Graystones from Broom Fell

Looking along the ridge to Graystones, from Broom Fell

The valley of Aiken Beck proved to be a bracken farm of some fertility today; not to mention a range of other plants, including blackberries, which were welcome enough (everyone I know who looks out for these things recognises that 2018 has been about the best year ever for blackberries in Britain), but also including a variety of spiky, soggy or simply obstructive greenery that made the first 90 minutes of this walk slightly tiresome. I actually wish they’d mark this stuff more clearly on the OS map. Not every slope is affected; the descent from Graystones down into Wythop wasn’t so bad (apart from the dead sheep). It would help with late summer walk planning, that’s all.

Sheep and Ling Fell

Sheep posing for a picture in front of Ling Fell

I sound grouchy and don’t really mean to. Other than the vegetation issues today wasn’t a bad walk, though there’s nothing particularly thrilling about it. The low cloud that was affecting much of the District today did preclude me following through on my original plan to bag the High Stile range, but this one still needed the summer bus service (the #77 to be precise) so was worth doing instead, bracken notwithstanding.
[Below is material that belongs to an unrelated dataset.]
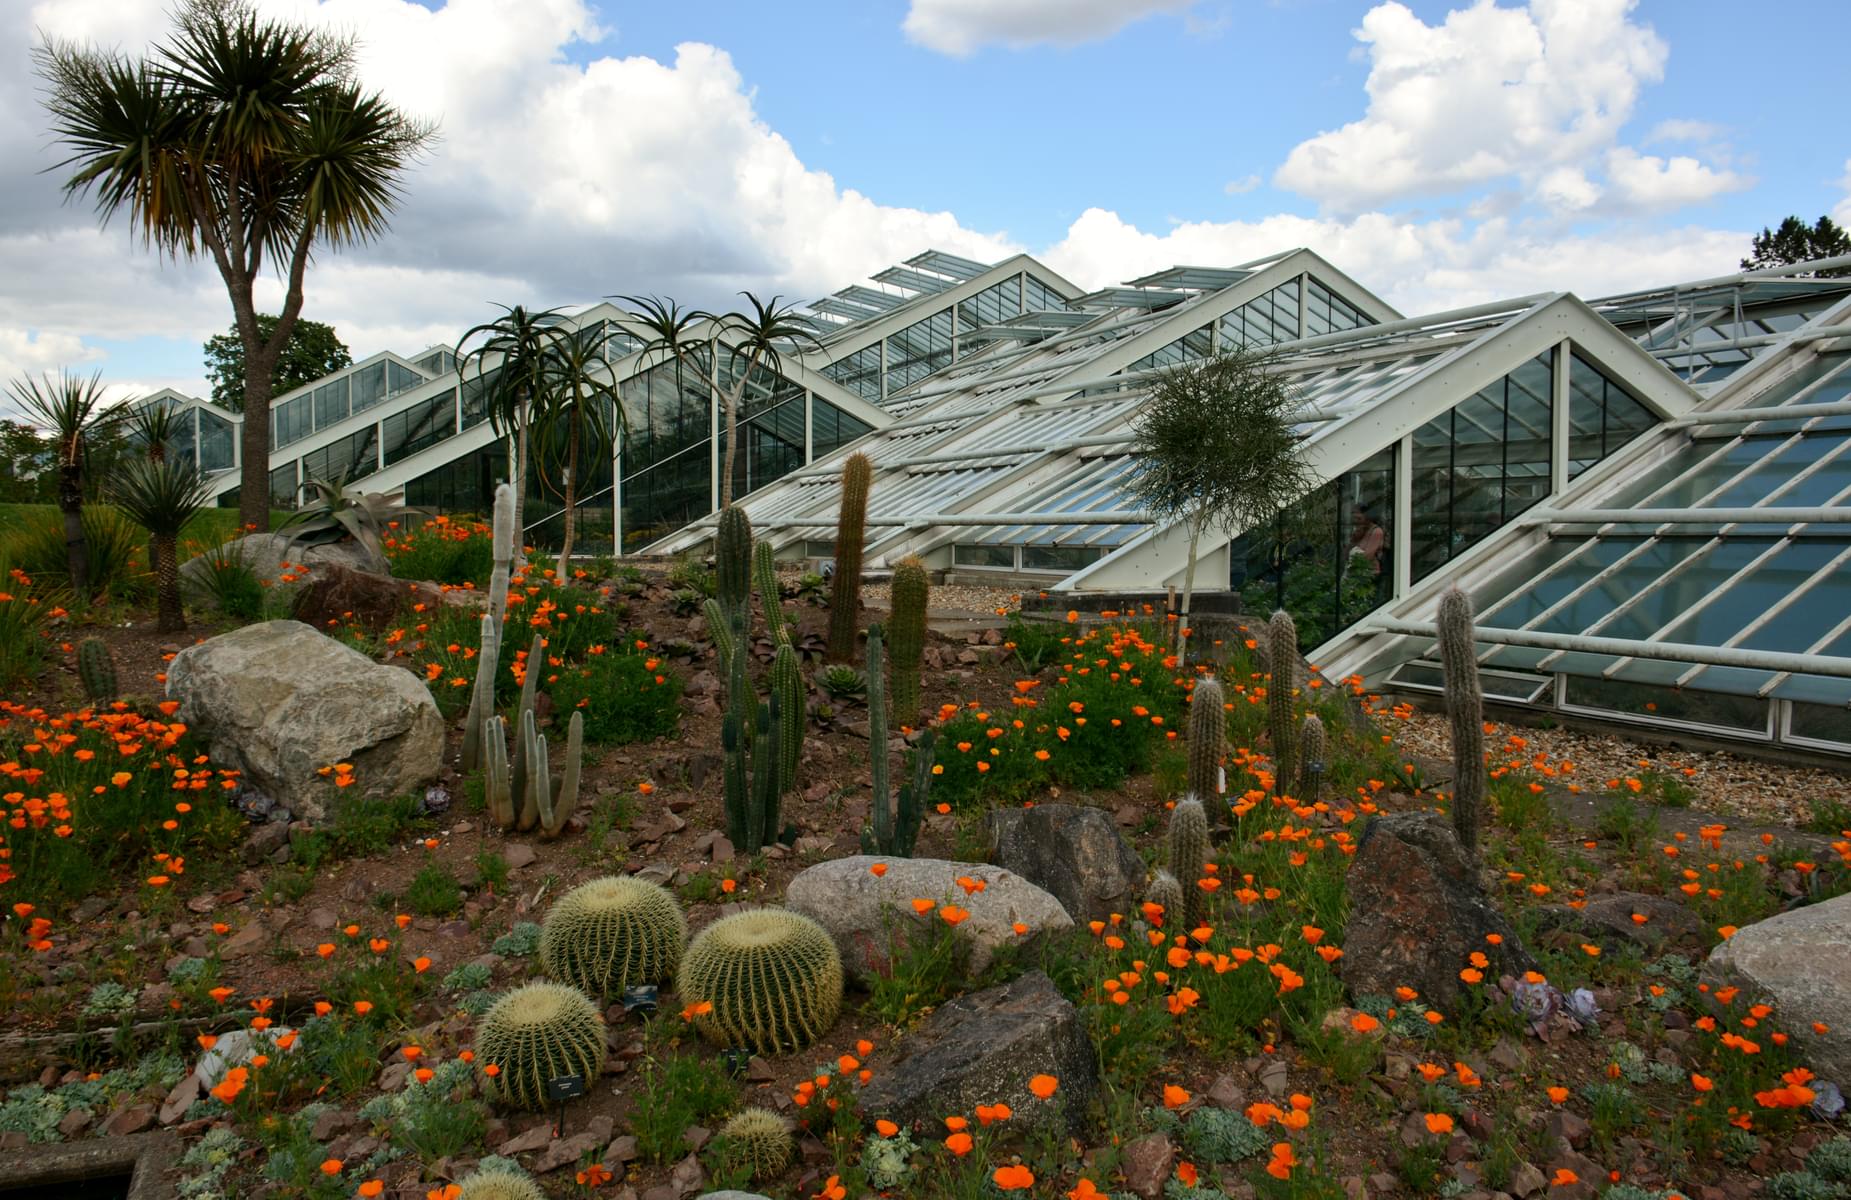 The Princess Of Wales Conservatory

When I first planned it I thought I might end by also bagging the two summits of Watch Hill (see walk 92) and ending in Cockermouth, but on arrival at the A66 the walk did seem to have come to a natural end, so those two can wait. Besides, I now think I have a plan to make sure that fell number 165 — the mid-point of this second round — can now, indeed, be Middle Fell. That’s the plan for early September, although many things have to fall into place before this does actually come through, so let’s see how it goes.